David L. Bradford, 33, pleaded no contest to unlawful restraint in exchange for prosecutors dropping seven charges connected to the September 2008 attack. Common Pleas Judge Donna Jo McDaniel sentenced him to two years of probation.
“They came in and made an offer that we really couldn't refuse,” said Kevin Abramovitz, Bradford's lawyer. “I think the commonwealth recognized we weren't backing down and saw the weaknesses and limitations in their case.”
District Attorney Stephen A. Zappala Jr. said his office offered a plea deal because the victim did not want to testify. There was other evidence, but “it hinged on certain aspects (of the victim's) testimony,” he said.
“Charging something and proving something sometimes are two different matters,” Zappala said.
Bradford spent more than a year in jail, unable to post $100,000 bond, without a trial after a hearing before Wilkinsburg District Judge Kim Hoots on charges he raped a woman at knifepoint.
Common Pleas Judge Randal B. Todd dismissed the charges in November 2009 under Rule 600, which requires the commonwealth bring defendants to trial within 180 days if they are in custody.

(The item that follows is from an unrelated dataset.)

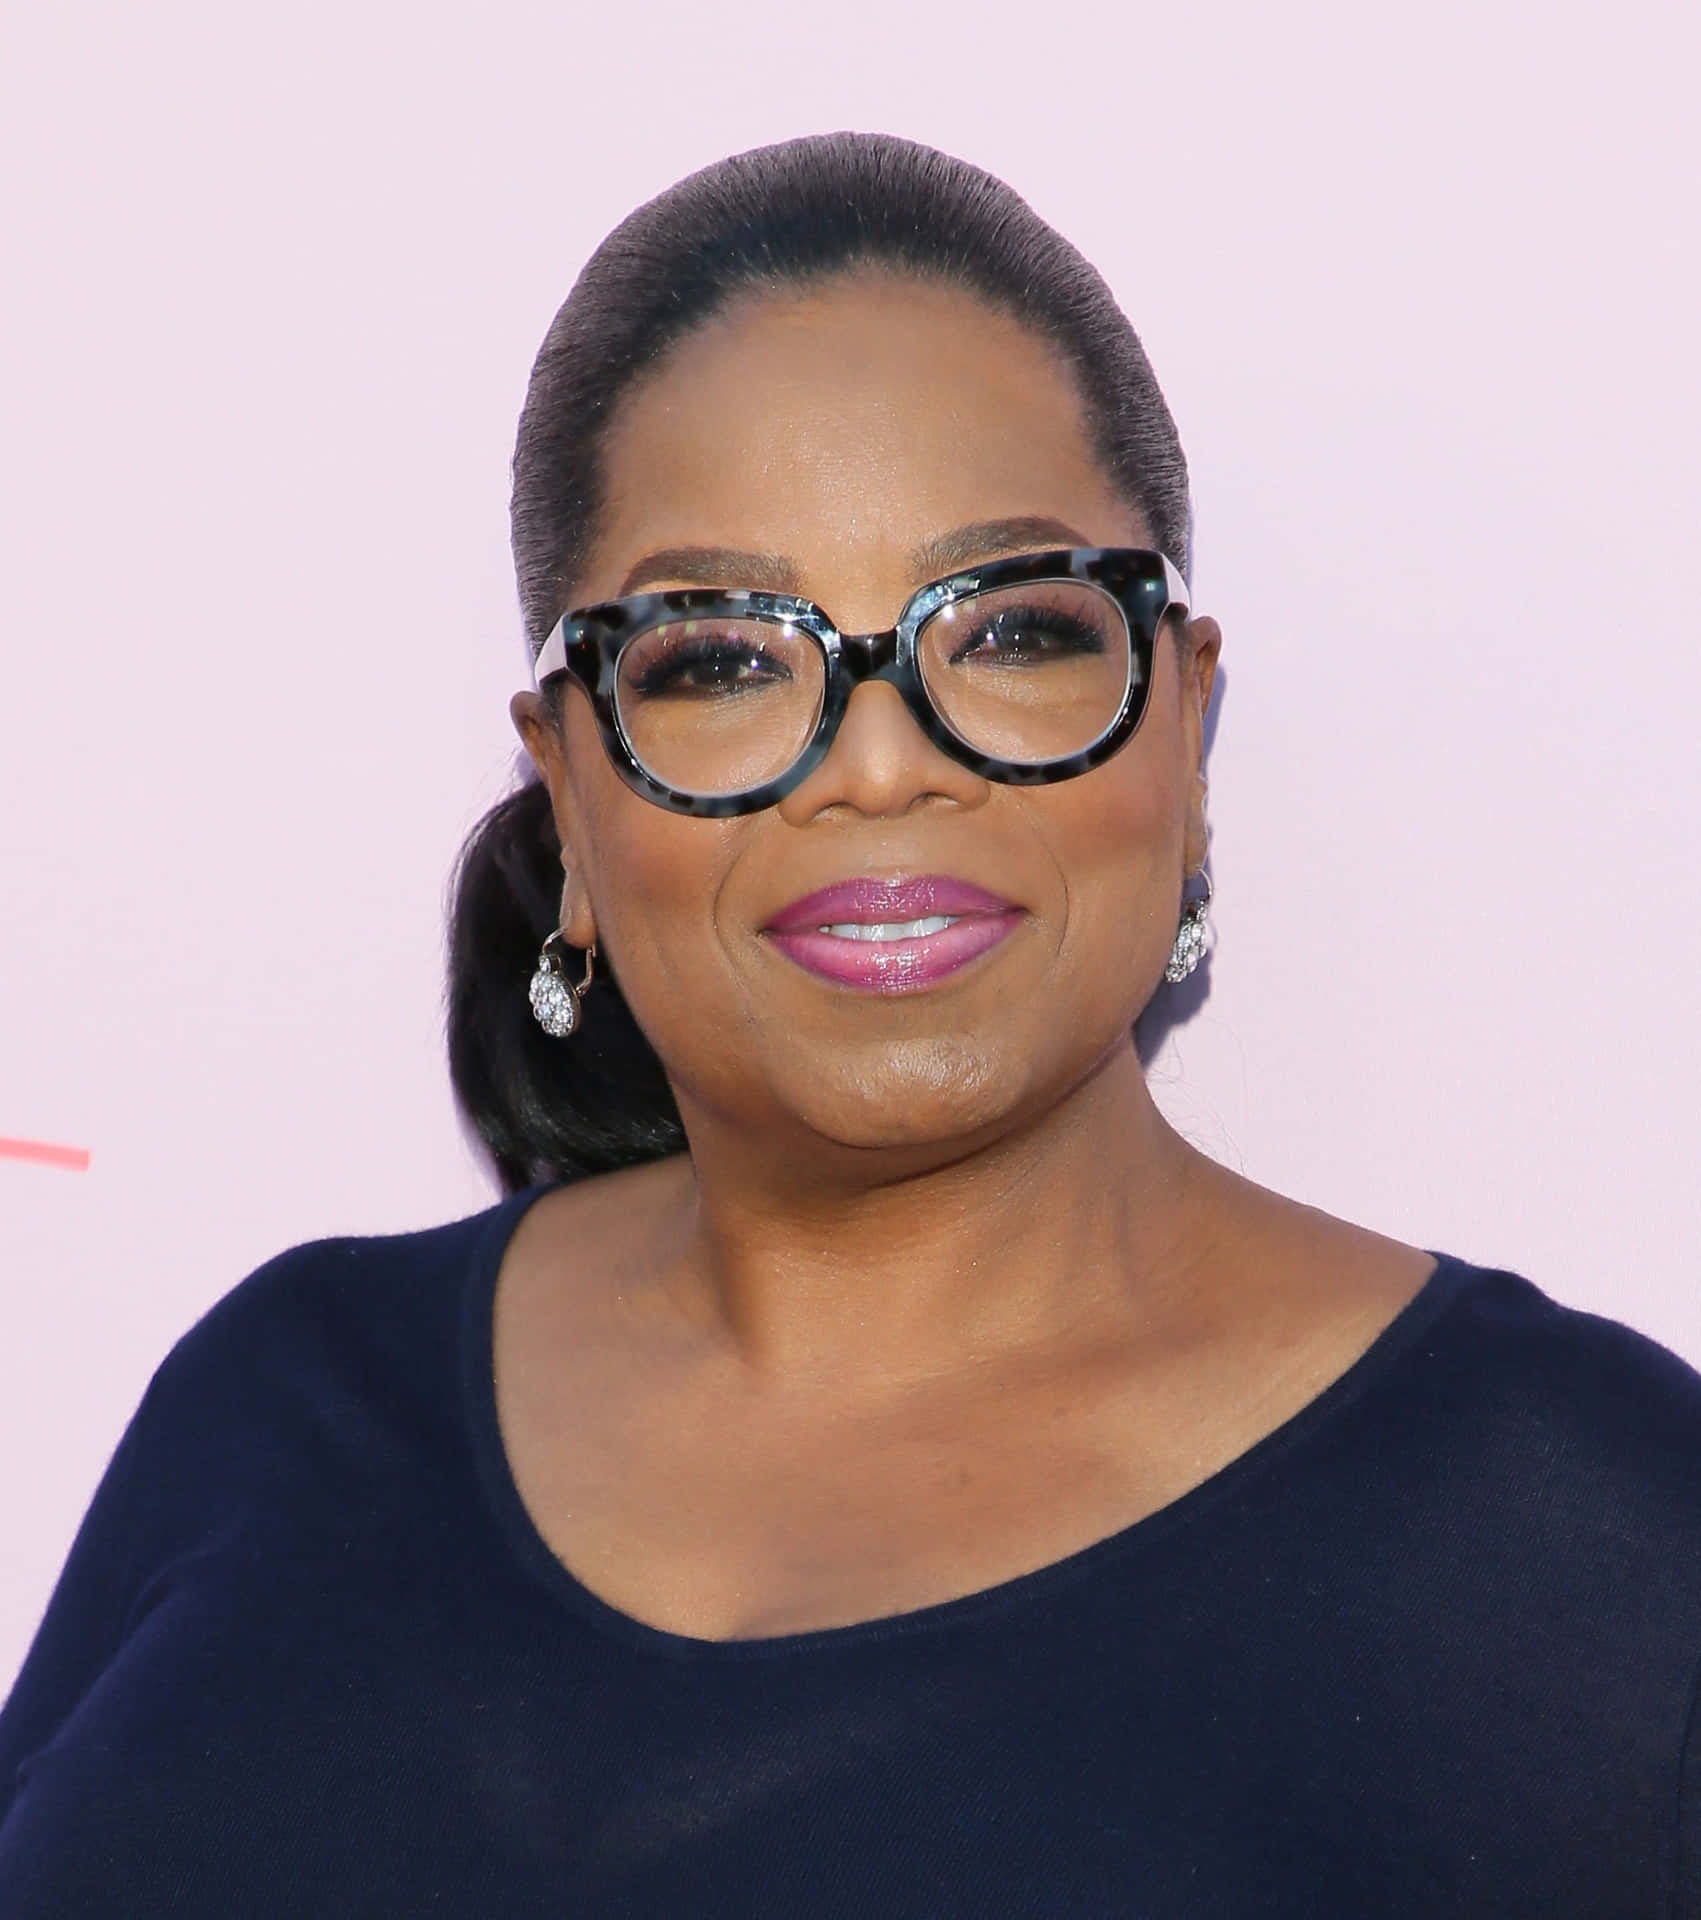 Prominentebild Von Oprah Winfrey

A Superior Court panel initially upheld Todd's decision. A ruling written by Zappala's predecessor, Judge Robert Colville, cited a “lack of due diligence” by prosecutors, who said they did not get paperwork from the hearing.
The state Supreme Court reversed that and ordered the case to proceed, blaming the delay on Hoots' office.
Hoots could not be reached for comment.
Court officials said they could not pinpoint the reason why Bradford's paperwork did not get from Wilkinsburg to Downtown.
District court administrator Claire Capristo said officials made no changes to the way documents are sent from the 48 satellite courts to the courthouse. The district courts send some documents electronically. Original signed paperwork is sent by mail.
“It just seemed to be an inadvertent act,” Capristo said of Bradford's case.
Zappala said Wilkinsburg police were at least partially to blame for shortcomings of the investigation.
“There is a very substantial difference in abilities of police agencies,” he said. “Some are good at what they do. Some are not as good at investigating certain kinds of crimes.”
Wilkinsburg police Chief Ophelia Coleman did not return calls.